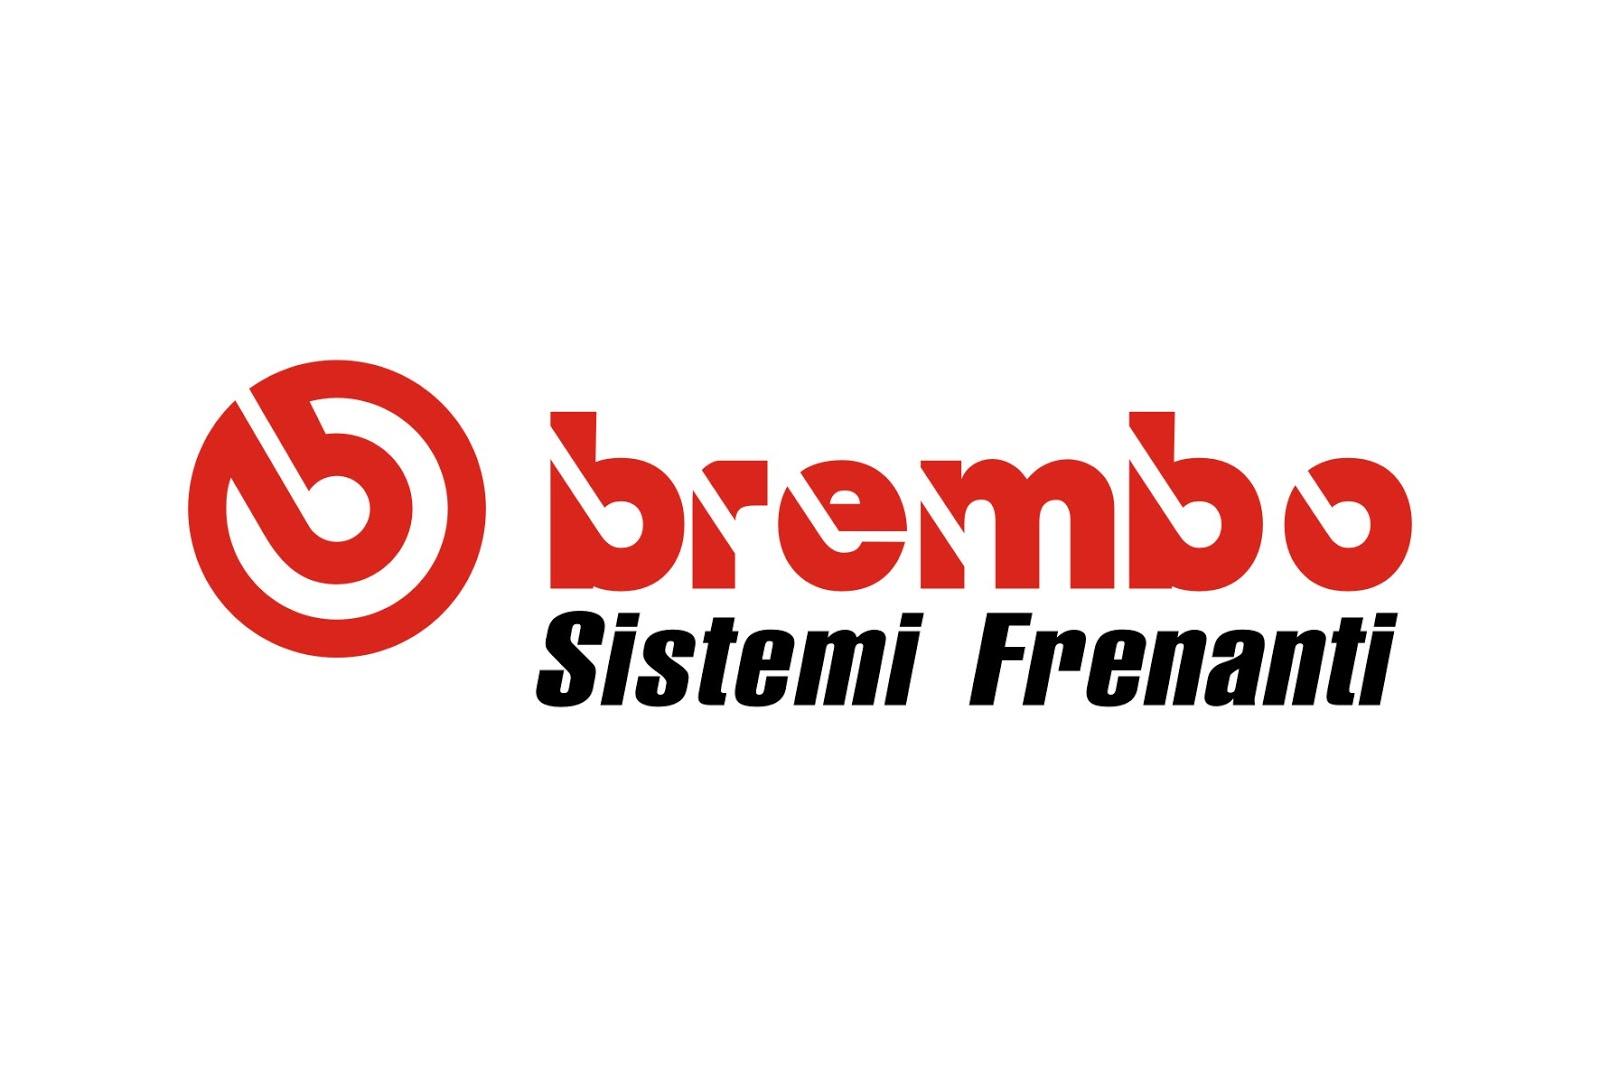 brembo logo logoshare
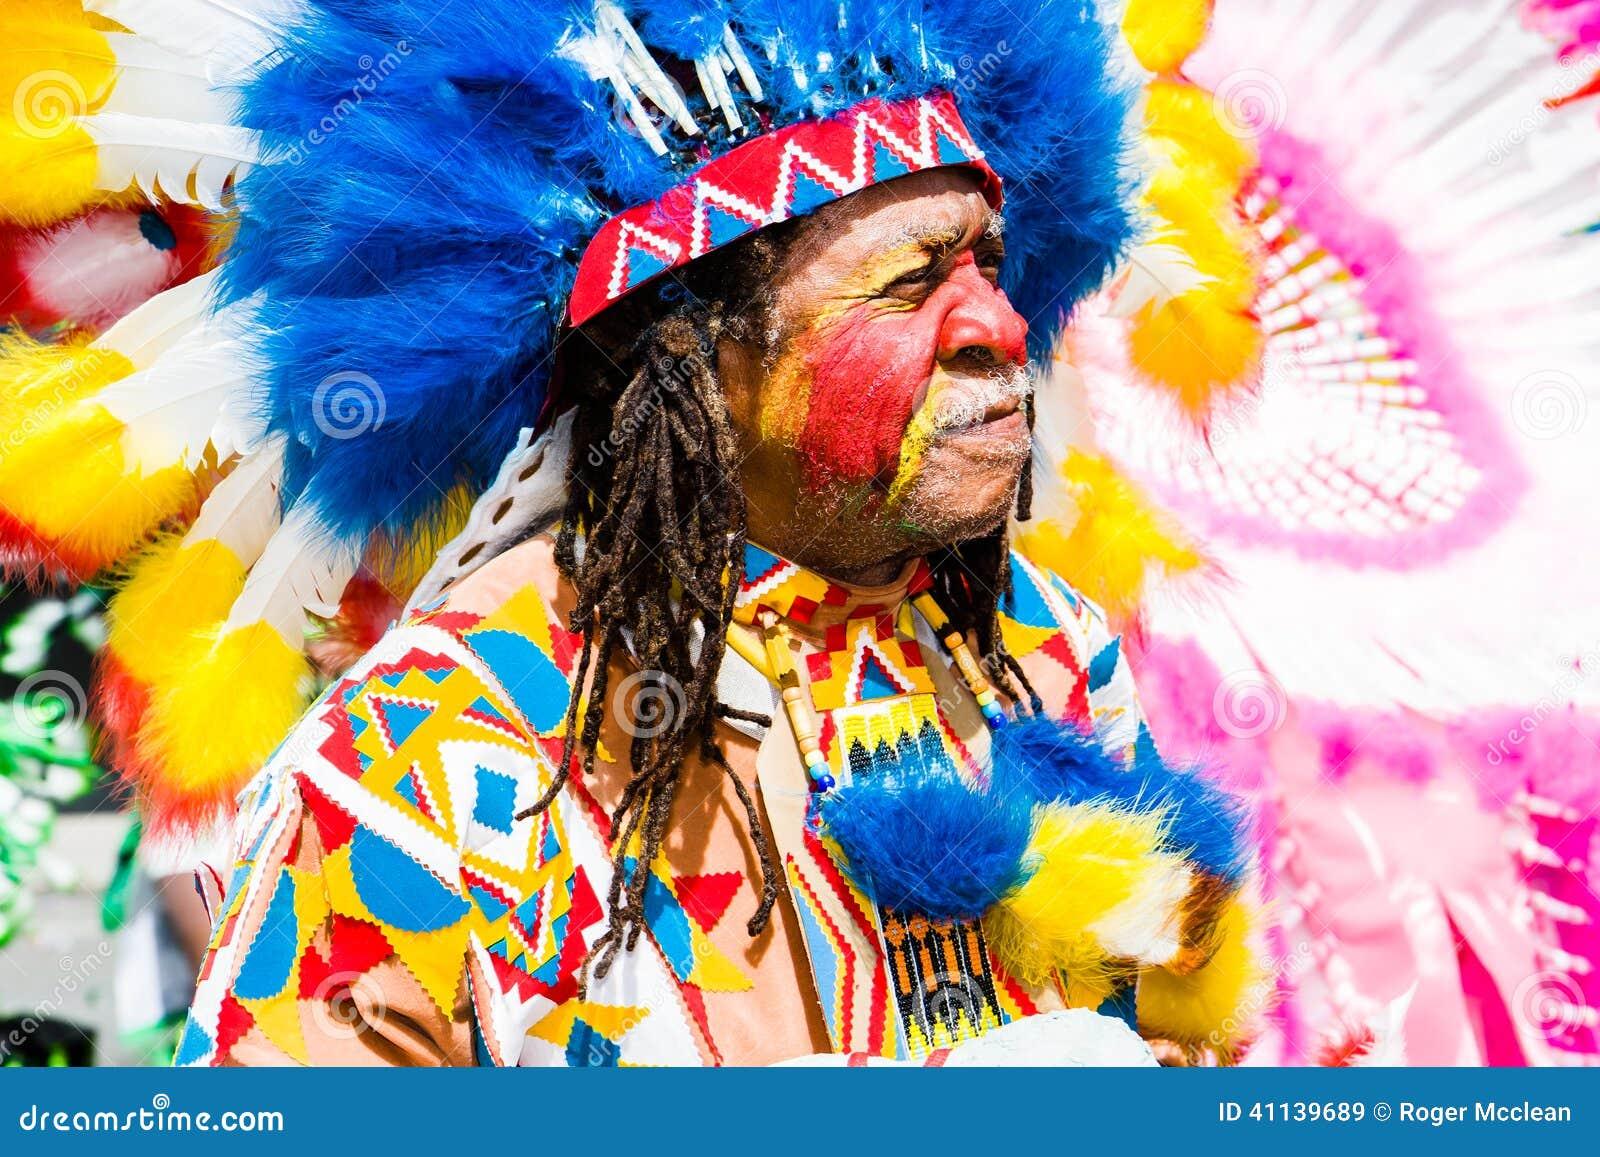 Jefe del carnaval
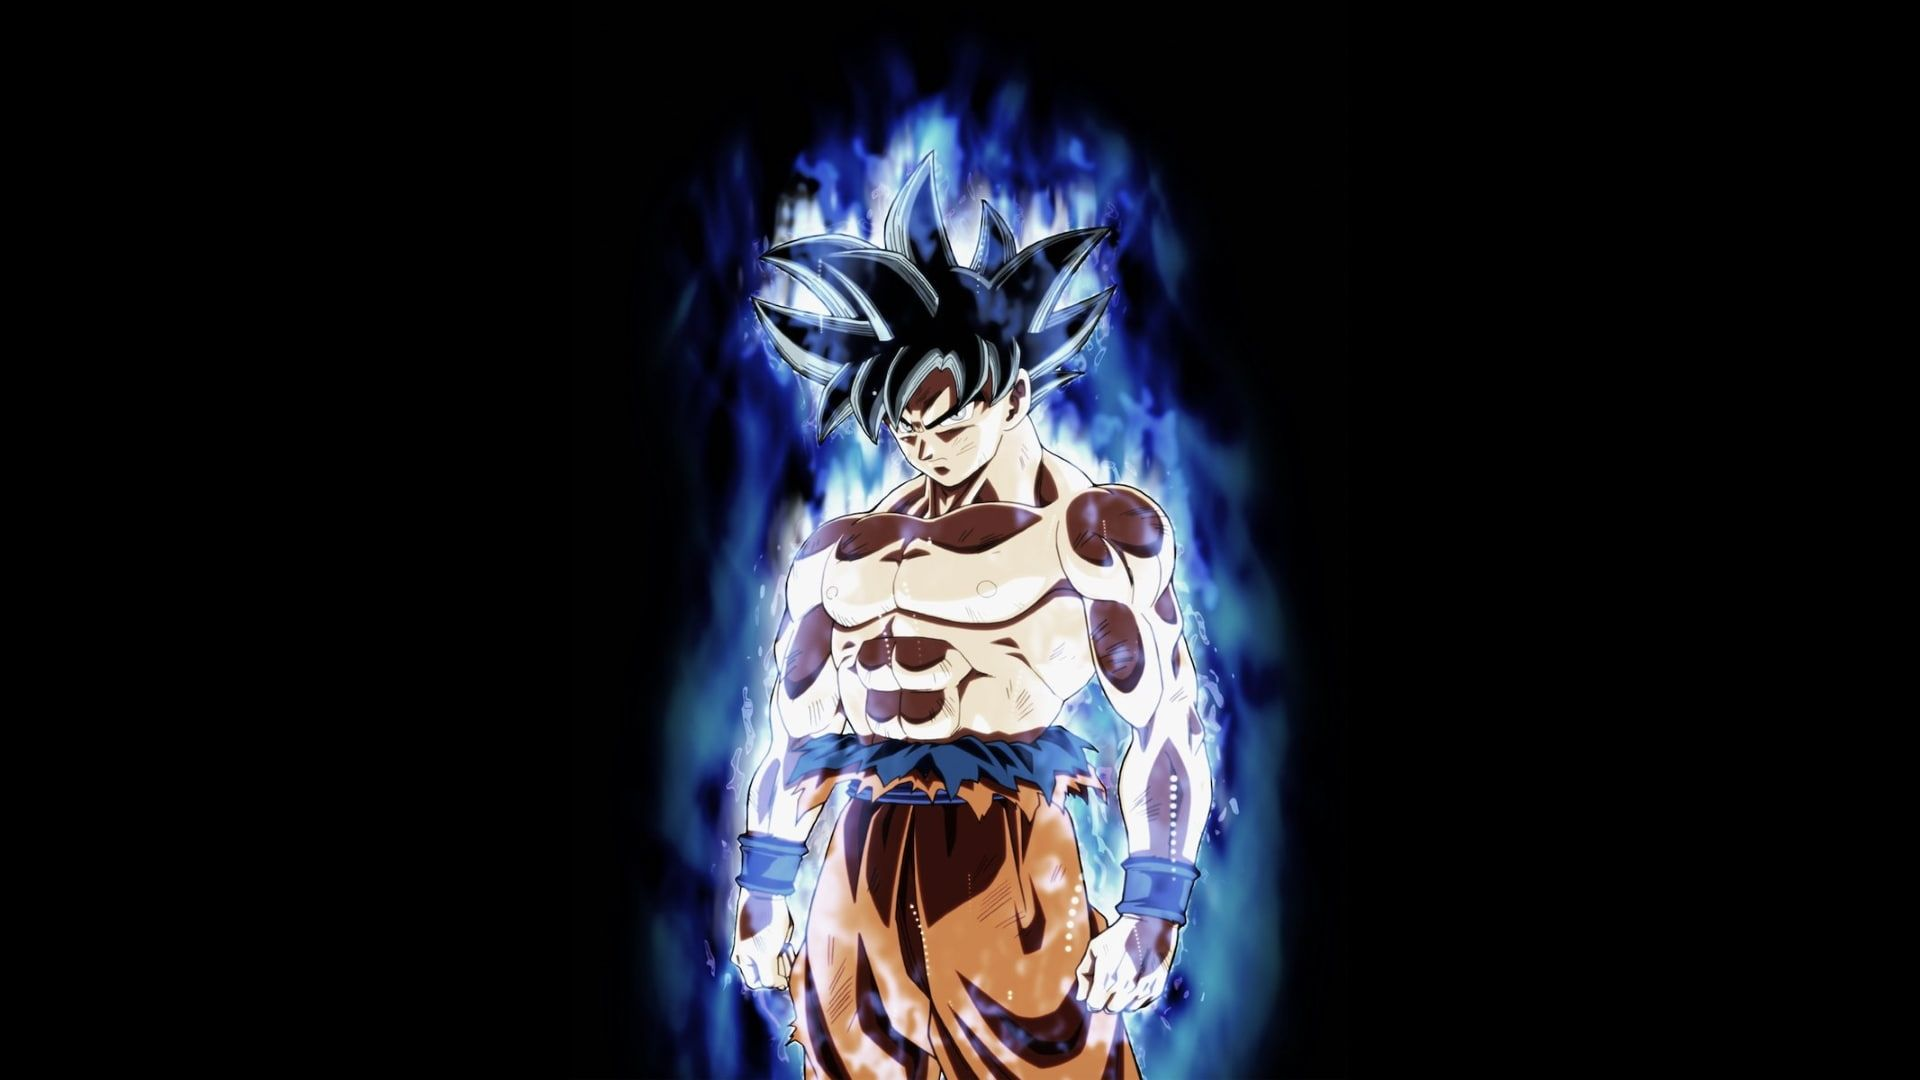 Dragonball Goku Ultra Instinct Live Wallpaper

— Assignment —
Leaving every picture aside, repeat the listing exactly.

— Written response —
 brembo logo logoshare
 Jefe del carnaval
 Dragonball Goku Ultra Instinct Live Wallpaper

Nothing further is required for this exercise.